Internals: Double-Entry Bookkeeping and Why Integer Cents Matter

In a double-entry ledger, money is never simply "updated in a row." Every movement of value produces at minimum two ledger entries: a debit from one account and a credit to another. When a customer pays $100 to a merchant, the system writes: DEBIT $100 from the customer's account, CREDIT $100 to the merchant's escrow account. The fundamental accounting invariant is that the sum of all debits must equal the sum of all credits across the entire ledger at all times. If this invariant is violated, there is either a bug or a fraud event — either way, it is a P0 incident.

Amounts must be stored as integer cents (or the smallest currency unit) rather than floating-point decimals. In IEEE 754 floating-point arithmetic, 0.1 + 0.2 = 0.30000000000000004. In a payment context, this rounding error compounds across millions of transactions into reconciliation imbalances. $100.00 is stored as 10000 cents. All arithmetic is integer arithmetic. Currency formatting (adding the decimal point for display) is a presentation-layer concern, never a storage or calculation concern.

Performance Analysis: Idempotency Key Cache and the Distributed Lock Lifecycle

The idempotency key lifecycle is a four-stage state machine in Redis. Stage 1: the API receives a request with key idem_abc123. It checks Redis for an existing entry. If not present, the API acquires a distributed lock using SET idem_abc123 LOCKED NX EX 30 (set-if-not-exists with a 30-second expiry). Stage 2: the API executes the payment business logic. Stage 3: on completion (success or failure), the API writes the response body to Redis under key idem_abc123 with a 24-hour TTL and releases the lock. Stage 4: any subsequent request with the same key finds the cached response and returns it immediately without re-executing business logic.

The 30-second lock TTL handles the crash recovery case: if the API server crashes during execution (after acquiring the lock but before completing), the lock expires automatically. The next retry attempt finds no lock and no cached response, so it re-executes from scratch. The 24-hour response cache handles the user retry case: if the client retries hours later because they didn't receive a confirmation, they get the original response. This two-TTL design is the key insight: the lock TTL handles crash recovery; the response cache TTL handles user retries.

🌍 Real-World Payment Architectures: Stripe, PayPal, and Square

Stripe built its idempotency key system as a first-class API primitive from day one. Every write endpoint in the Stripe API accepts an Idempotency-Key header. Stripe stores the idempotency key, the request fingerprint (URL + body hash), and the response body in a dedicated idempotency database with a 24-hour retention window. Critically, Stripe validates that the same idempotency key is not used with a different request body — preventing a class of bugs where a client reuses a key across conceptually different operations.

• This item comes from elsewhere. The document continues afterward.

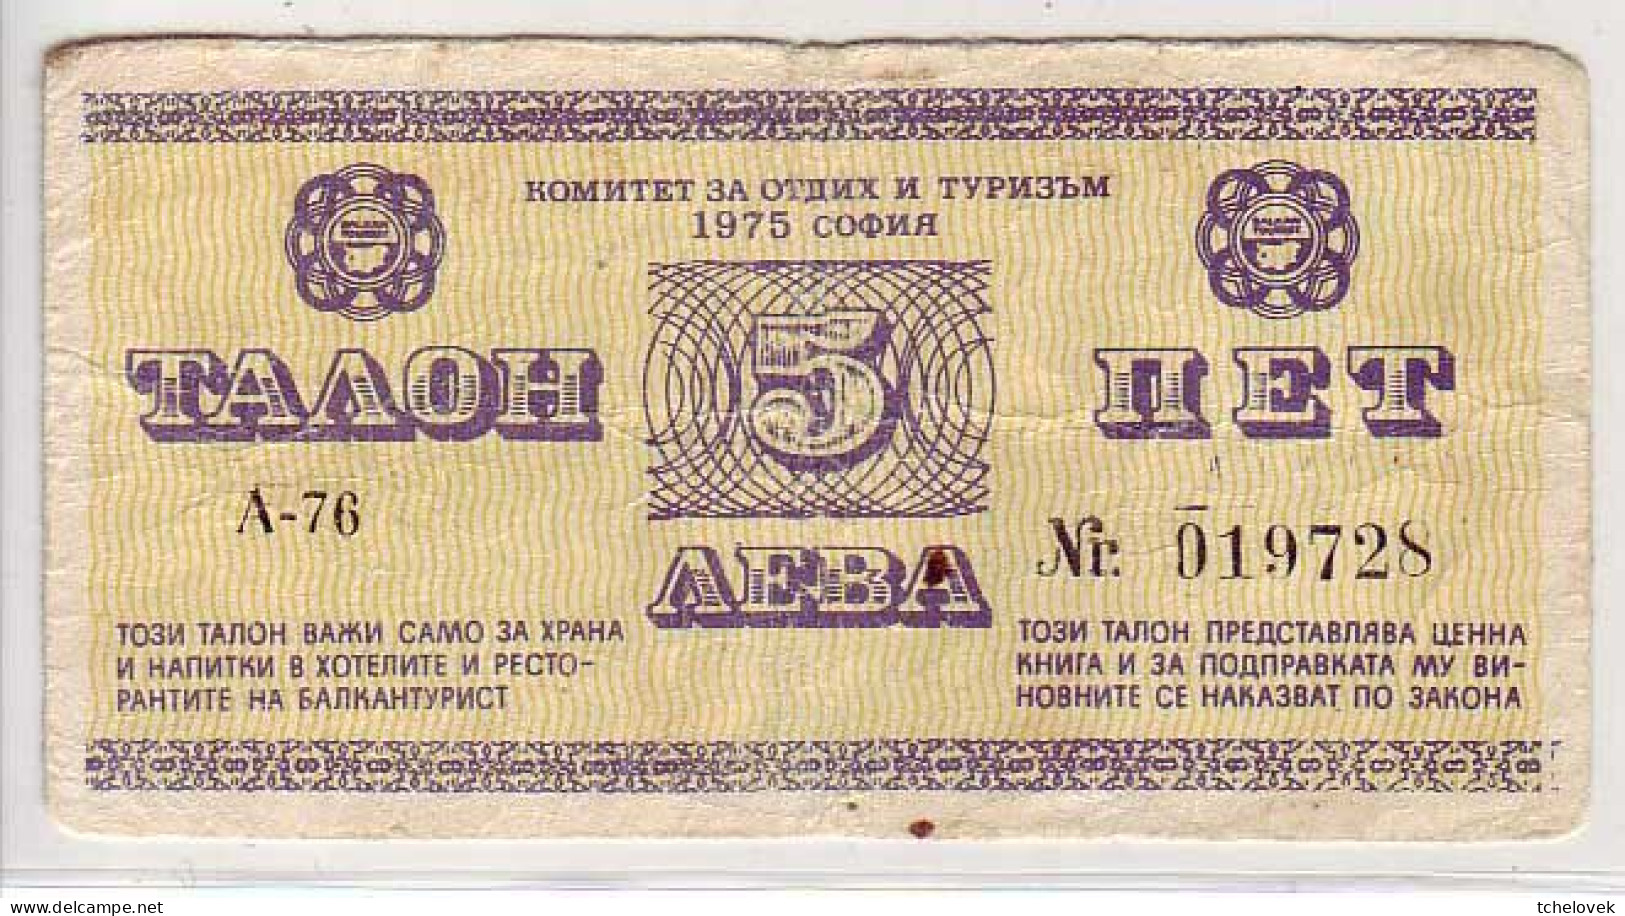 (Billets). Bulgarie Bulgaria. Foreing Exchange Certificate. Rare. Balkan Tourist. 1975. 5 Leva Serie A-76 N° 019728 - Bulgarie

PayPal's payment processing architecture uses a saga-based orchestration model for multi-party payments (buyer → PayPal escrow → seller). Each saga step — authorization, capture, settlement — is a separate idempotent API call with its own idempotency key derived from the parent order ID plus a step identifier. If any step fails, the saga orchestrator replays only the failed step rather than the entire payment flow. PayPal's reconciliation engine runs as a continuous streaming job (Apache Flink) rather than a nightly batch, reducing the window for detecting and correcting discrepancies from 24 hours to under 60 seconds.

Square's point-of-sale architecture must handle payments when the internet connection is unavailable (e.g., a food truck with spotty connectivity). Square's offline mode stores payment intents locally on the POS device, signs them with a device-level key for fraud prevention, and syncs to the central ledger when connectivity is restored. The idempotency key in Square's offline mode is device-generated and includes the device ID, timestamp, and a sequence number to prevent replay attacks.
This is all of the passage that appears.